I'm tempted to tell officers of the American Family Association what I did with a feather duster from WalMart, and watch their heads explode. ;-)
Women's Sex Tip #34: Avoid Wal-Mart Like The Goddamn Plague
Wal-Mart will begin obscuring the covers of women's magazines like Cosmo and Glamour in its checkout lanes, just a month after pulling men's rags from its shelves over their racy content. Women's fashion mags often tout sex tips and can feature revealing photos of models and celebs, oh my god gasp say it ain't so who pray who will save the children.
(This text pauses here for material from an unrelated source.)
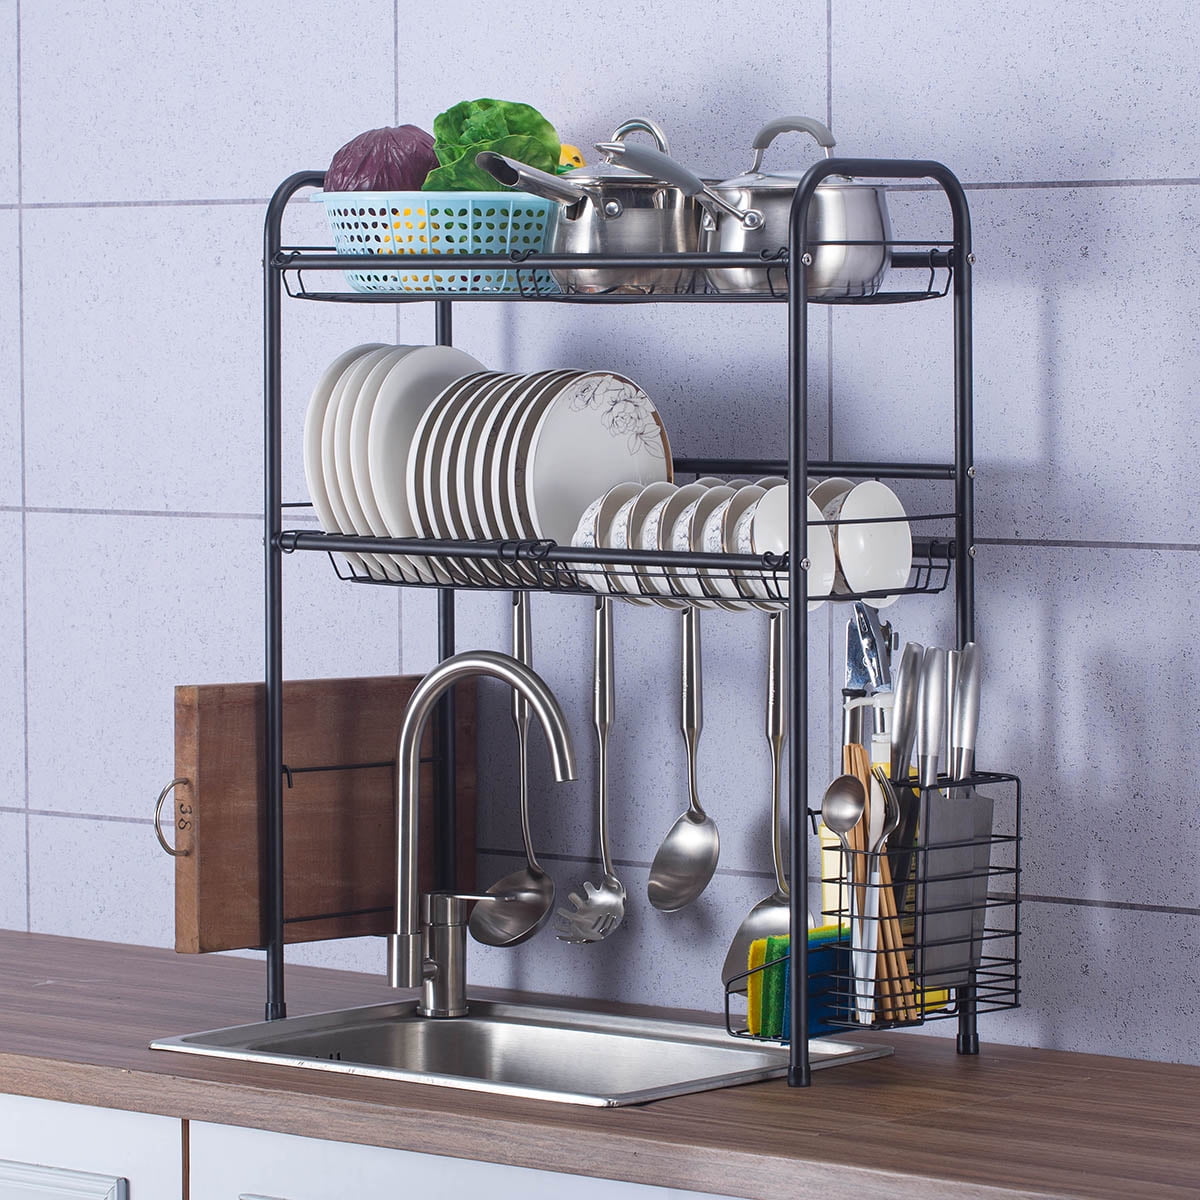 Details about   Stainless Steel Dish Rack Over Sink Drain Drying Shelf Organizer Sturdy SALE NEW

Given how Wal-Mart's customer base consists largely of people who haven't seen their own toes much less the business end of a juicy well-lubed pink bunny vibrator, well, ever, and given how their kids are undoubtedly and pudgily numbed to ultimate consumer mindlessness by the insane array of shiny crap landfill Wal-Mart merchandise and all the toy guns and real guns and frantic overlit soul-crushing screaming in-store marketing ploys, well, God forbid they actually see the word "sex" in print or glimpse a picture of a lithe Photoshopped Charlize Theron lest they begin to think there is life outside their tiny repressed linoleum sub-worlds of angst and video games and odious TV and ten-gallon tubs of Cheez Puffs. Both moves were supported by the cute little sexless puling culture slugs over at the American Family Association, based in Tupelo, Miss, which pretty much says it all. The group had complained that the magazines were inappropriate in checkout lanes and instead preferred featuring more wholesome family material like "Better Homes And Jerky Smokers" and "Guns & Crock Pots" and "Truck Humper Monthly" and "Deep Fried Pot Pie!"